Wall
Time Limit: 1000MS |
|
Memory Limit: 10000K |
Total Submissions: 18398 |
|
Accepted: 5992 |
Description
Once upon a time there was a greedy King who ordered his chief Architect to build a wall around the King's castle. The King was so greedy, that he would not listen to his Architect's proposals to build a beautiful brick wall with a perfect shape and nice tall towers. Instead, he ordered to build the wall around the whole castle using the least amount of stone and labor, but demanded that the wall should not come closer to the castle than a certain distance. If the King finds that the Architect has used more resources to build the wall than it was absolutely necessary to satisfy those requirements, then the Architect will loose his head. Moreover, he demanded Architect to introduce at once a plan of the wall listing the exact amount of resources that are needed to build the wall.

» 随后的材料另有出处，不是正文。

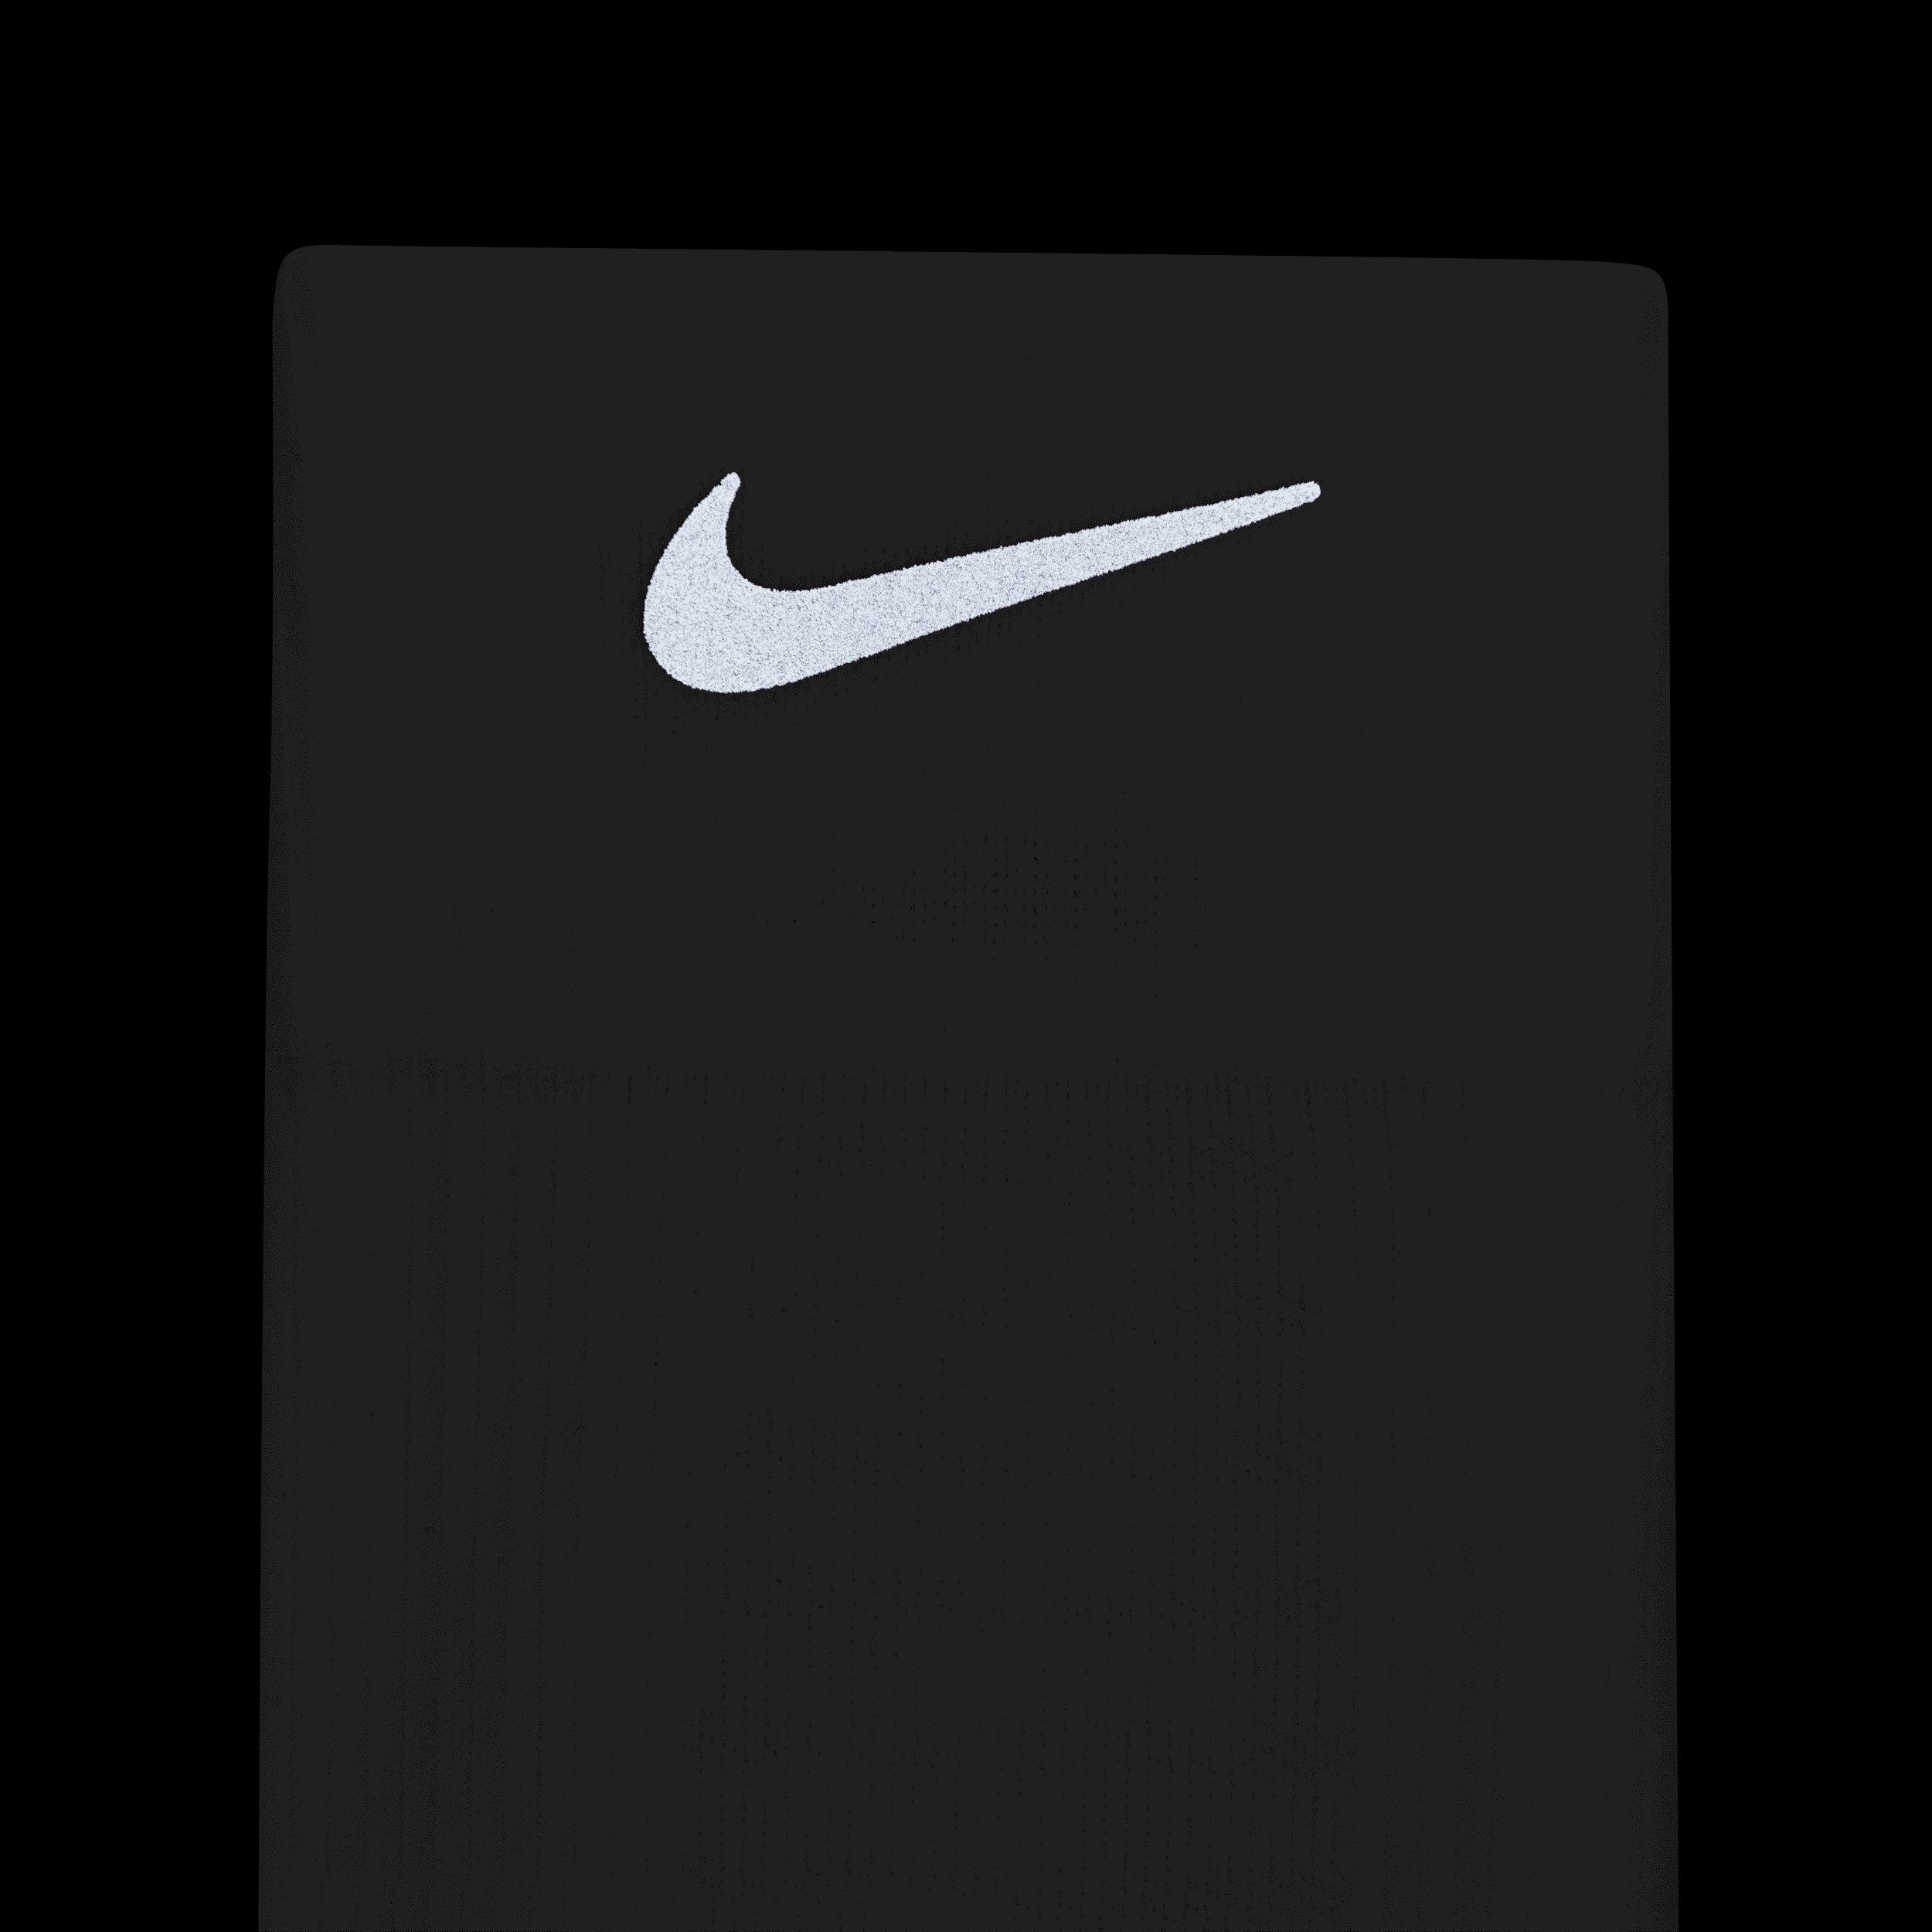 kreupel Steil schelp Nike Spark Lightweight Over-the-calf Compression Running Socks in White |  Lyst

Your task is to help poor Architect to save his head, by writing a program that will find the minimum possible length of the wall that he could build around the castle to satisfy King's requirements.
The task is somewhat simplified by the fact, that the King's castle has a polygonal shape and is situated on a flat ground. The Architect has already established a Cartesian coordinate system and has precisely measured the coordinates of all castle's vertices in feet.
Input
The first line of the input file contains two integer numbers N and L separated by a space. N (3 <= N <= 1000) is the number of vertices in the King's castle, and L (1 <= L <= 1000) is the minimal number of feet that King allows for the wall to come close to the castle.
Next N lines describe coordinates of castle's vertices in a clockwise order. Each line contains two integer numbers Xi and Yi separated by a space (-10000 <= Xi, Yi <= 10000) that represent the coordinates of ith vertex. All vertices are different and the sides of the castle do not intersect anywhere except for vertices.
Output
Write to the output file the single number that represents the minimal possible length of the wall in feet that could be built around the castle to satisfy King's requirements. You must present the integer number of feet to the King, because the floating numbers are not invented yet. However, you must round the result in such a way, that it is accurate to 8 inches (1 foot is equal to 12 inches), since the King will not tolerate larger error in the estimates.
Sample Input
9 100 200 400 300 400 300 300 400 300 400 400 500 400 500 200 350 200 200 200
Sample Output
1628
Hint
结果四舍五入就可以了
Source
琴日我地EK1412分享左滴题目,其中101majia就分比我地呢个凸包入门题目。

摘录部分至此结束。